What is needed — Each line in the entries below that holds the string "Foto" must be copied.

Supplied material —
Content starts
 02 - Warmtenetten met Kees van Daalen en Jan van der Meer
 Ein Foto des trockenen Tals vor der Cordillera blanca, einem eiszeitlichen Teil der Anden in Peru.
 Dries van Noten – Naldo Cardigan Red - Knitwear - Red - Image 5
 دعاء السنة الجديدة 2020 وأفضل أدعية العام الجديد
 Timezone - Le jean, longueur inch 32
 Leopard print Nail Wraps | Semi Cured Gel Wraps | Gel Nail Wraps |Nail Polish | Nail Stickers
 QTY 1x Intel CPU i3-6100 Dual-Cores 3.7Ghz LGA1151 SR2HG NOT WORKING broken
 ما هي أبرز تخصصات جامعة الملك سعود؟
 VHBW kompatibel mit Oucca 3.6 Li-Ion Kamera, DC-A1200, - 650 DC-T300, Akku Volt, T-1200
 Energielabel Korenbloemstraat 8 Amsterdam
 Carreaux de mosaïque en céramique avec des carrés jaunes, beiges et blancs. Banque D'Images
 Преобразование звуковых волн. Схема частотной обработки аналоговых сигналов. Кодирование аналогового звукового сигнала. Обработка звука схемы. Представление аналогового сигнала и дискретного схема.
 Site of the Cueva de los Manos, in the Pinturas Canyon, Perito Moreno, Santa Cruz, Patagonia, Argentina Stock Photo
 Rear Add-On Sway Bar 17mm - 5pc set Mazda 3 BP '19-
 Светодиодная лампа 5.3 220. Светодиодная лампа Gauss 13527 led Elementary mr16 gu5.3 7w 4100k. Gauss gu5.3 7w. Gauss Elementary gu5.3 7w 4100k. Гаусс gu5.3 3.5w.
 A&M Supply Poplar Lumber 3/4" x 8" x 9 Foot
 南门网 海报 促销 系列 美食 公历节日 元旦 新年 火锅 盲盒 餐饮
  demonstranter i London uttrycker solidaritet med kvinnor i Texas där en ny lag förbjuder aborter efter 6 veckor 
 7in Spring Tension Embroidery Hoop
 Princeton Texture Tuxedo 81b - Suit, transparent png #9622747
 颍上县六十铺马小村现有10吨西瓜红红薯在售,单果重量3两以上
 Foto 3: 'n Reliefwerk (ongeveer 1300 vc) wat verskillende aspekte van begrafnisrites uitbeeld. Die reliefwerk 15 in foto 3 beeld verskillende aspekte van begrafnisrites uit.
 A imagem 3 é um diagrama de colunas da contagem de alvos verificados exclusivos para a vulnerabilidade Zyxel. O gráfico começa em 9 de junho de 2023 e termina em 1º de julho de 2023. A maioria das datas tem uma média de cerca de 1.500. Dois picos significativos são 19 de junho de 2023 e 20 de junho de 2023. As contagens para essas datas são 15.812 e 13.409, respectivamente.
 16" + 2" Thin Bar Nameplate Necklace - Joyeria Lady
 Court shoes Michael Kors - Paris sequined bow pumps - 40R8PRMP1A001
Content ends
Response —
 Ein Foto des trockenen Tals vor der Cordillera blanca, einem eiszeitlichen Teil der Anden in Peru.
 Foto 3: 'n Reliefwerk (ongeveer 1300 vc) wat verskillende aspekte van begrafnisrites uitbeeld. Die reliefwerk 15 in foto 3 beeld verskillende aspekte van begrafnisrites uit.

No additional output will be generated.